We also found that a few genes whose variants have been identified through our pipeline are among the ones carrying top associations to severity as assessed from studies of the COVID-19 HGI (https://app.COVID-19hg.org/variants)15. In detail, variants of 9 out of the 43 genes identified from GWAS studies are also present in our list, including: ABO, ARL17A, ARL17B, DPP9, LRRC37A, LRRC37A2, RAVER1, TMEM65, ZBTB11 (Data S1).

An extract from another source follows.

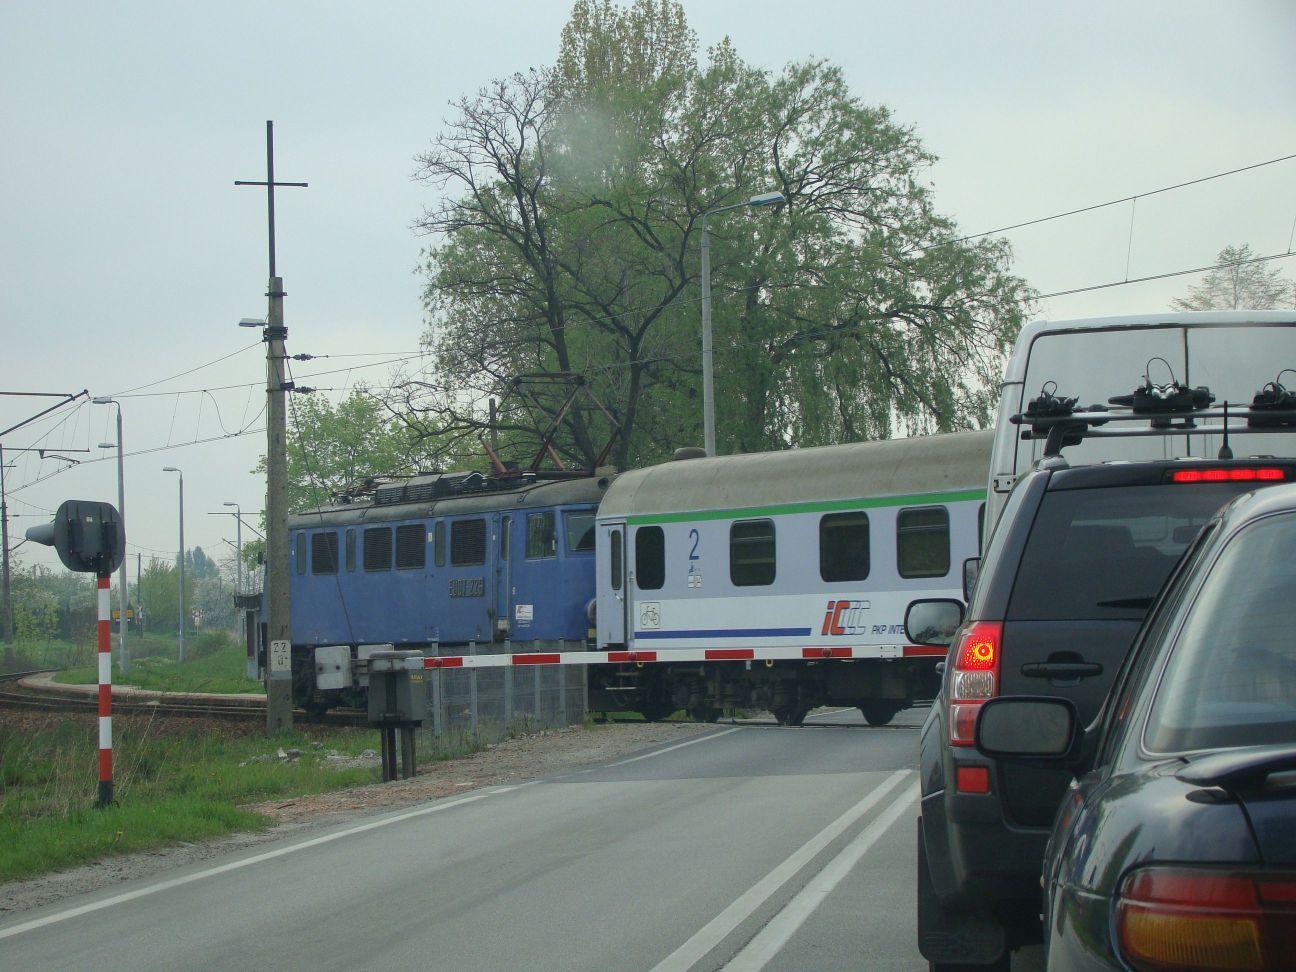 Nowy rozkład jazdy. Wraca pociąg do Zakopanego i Szczecina

Severe patients tend to cluster together using only more informative variants

We applied unsupervised clustering and dimensionality reduction techniques (i.e. Principal Component Analysis (PCA)) to group patients based on the genetic distance calculated by considering the most informative variants selected after screening and supervised machine learning procedure. By projecting the patients on the first two PCs followed by k-means clustering (see “Methods”), we detected three groups of patients in the original cohort (Fig. 4a–c). The two largest clusters were separated by PC1. The largest one, 515 patients, was characterized by a majority of severe cases (78% of the total). The second cluster was instead characterized by a prevalence of asymptomatic patients (70% of the total). Finally, a third small cluster was identified through the combined usage of PC1 and PC2 and it was characterized almost exclusively by severe patients (95% of 24 patients in total). Notably, the severity of this cluster is only partially explained on the basis of either gender (59% males and 37% females; Fig. 4c) or age (Fig. S5a). This cluster was characterized by peculiar genetic features, with a smaller number of variants and a neat prevalence of risk over protection factors (Fig. S5b). Remarkably, a total of 7 (out of 9 overall enriched in severe patients) variants with 100% support from XGB models were also found in this cluster (Data S10). Network analysis of the mutated genes in this predominantly severe cluster highlighted several common processes as well as candidates for drug targeting. In particular, several GPCRs (ADRB2, ADRA1, GRM6), ion channels (GRIN1, CACNA1G), (receptor tyrosine) kinases (NTRK1, CSF1R, GAK) and nuclear hormone receptors (AR, THRB) participate to this network and can be readily targeted by approved drugs (Fig. 4c; Data S11).

Fig. 4: detection of distinct clinical groups via PCA and clustering.
figure 4

a Projection of samples (n = 841) along the 1st and 2nd principal components and coloring based on severity (up) or clusters identified via k-means (bottom); b gender and clinical group composition of the clusters detected via k-means on the 1st and 2nd PCA components; c FI network constructed using mutated genes on the cluster of more severe patients and approved drugs available for any of these genes.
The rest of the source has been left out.